По дороге в Москву Борис еще раз позвонил по номеру Вероники. И когда услышал женский голос, от сердца сразу отлегло – может, это она?

– Кто это?

– Вероника Супонина?

– Да, это я… – Голос девушки показался ему взволнованным. – А вы кто?

– Я адвокат. Мне поручено разыскать вас, поскольку я занимаюсь наследством вашего родственника, Супонина Вадима Андреевича. Ваше имя указано в завещании. Мне с трудом удалось найти номер вашего телефона. У вас есть сестра, Екатерина Супонина?

– А она здесь при чем?

– Да ни при чем. Просто я должен был убедиться, что разговариваю именно с наследницей.

– А… Понятно. И кто же это такой, Вадим…

– …Андреевич…

– …Супонин?

– Знаете, это не телефонный разговор. Я бы хотел с вами встретиться.

– Да вы хотя бы скажите, что это за наследство! Большое? – В ее голосе просквозило недоверие.

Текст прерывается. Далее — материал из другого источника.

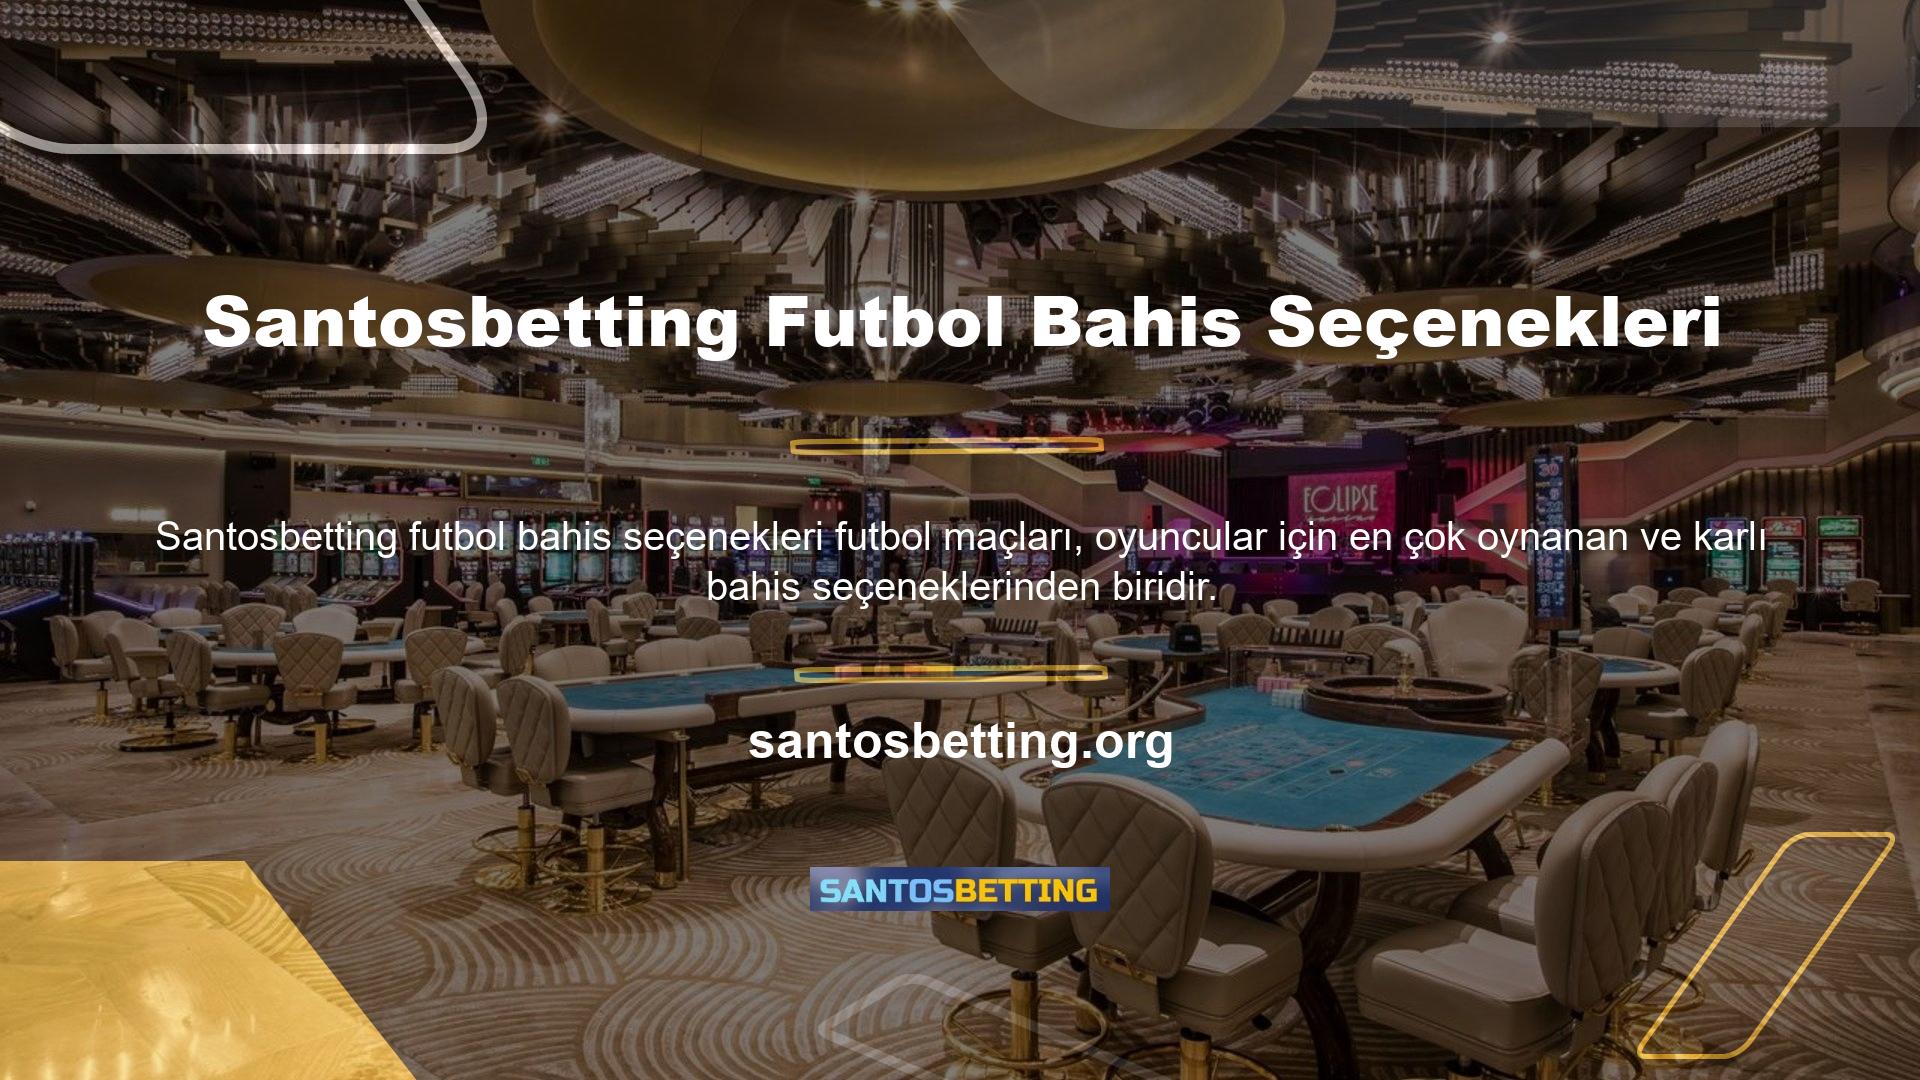 Santosbetting Futbol Bahis Seçenekleri, üyelerin Türkiye ve Avrupa Liglerindeki tüm Santosbetting maçlarına bahis oynayabileceği ve para kazanabileceği en büyük futbol bahis sitesidir

– Немалое, я бы так сказал. Но, повторяю, это не телефонный разговор.

– Ладно… Вы в Москве?

– Да.

– А я на съемках. Это в районе Переделкино, в Мичуринце.

– Вы актриса?

– Ну… не совсем, конечно. Пока что снимаюсь в массовке. Вы можете приехать сюда? Я бы прислала вам геолокацию.

– Хорошо.

– Когда приедете?

– Думаю, часа через два, не раньше.

– Хорошо. Договорились.

Он часто прибегал к подобному способу добиться встречи с нужным человеком. Тема наследства, звучащая из уст адвоката, производила неизгладимое впечатление, и люди, даже имевшие горький опыт с подобными «письмами счастья», пришедшими им по электронной почте, все равно покупались и с легкостью соглашались на встречу. Безработные афроамериканцы, рассылающие по всему миру письма об умершем дядюшке-миллионере, мгновенно забывались, и среднестатистический россиянин, услышав в телефоне живой голос русского адвоката, замирал, рисуя в воображении пачки денег, особняки, увитые розами, и шикарные иномарки. То же самое сейчас происходило, вероятнее всего, и с Вероникой Супониной. Сейчас она поделится информацией со своей сестрой, и фантазия у девушек заработает.

Спустя десять минут он позвонил еще раз по этому же номеру:

– Это Борис Бронников, адвокат. Я только что звонил вам.

– Да-да! – Голос Вероники звучал уже гораздо доброжелательнее и веселее. – Что-нибудь еще? Или же… вы ошиблись?

– Нет-нет, все в порядке. Просто мне нужно знать точно, что это вы. Не так давно я уже набирал этот номер, и мне ответил мужской голос, мужчина представился Валерием Николаевичем Ребровым. Майором Ребровым.

Девушка в телефоне рассмеялась:

– Да, это мой парень. Он следователь, Ребров. Просто он ужасно ревнивый, когда я не могу взять трубку, то сам берет, пугает людей… Но это точно я, можете не переживать.

– Он реальный следователь?

– Ну да, работает в Следственном комитете.

– Но почему он тогда сказал, что я должен приехать к нему на Новокузнецкую? – продолжал напускать туману Борис, помня, как этот самый Ребров напугал Антонину, приказав ей явиться в отдел.

– Да? Не понимаю… Я ему сейчас позвоню, объясню, кто вы… Вообще-то он парень серьезный, может, конечно, разыграть, но не чужих же людей…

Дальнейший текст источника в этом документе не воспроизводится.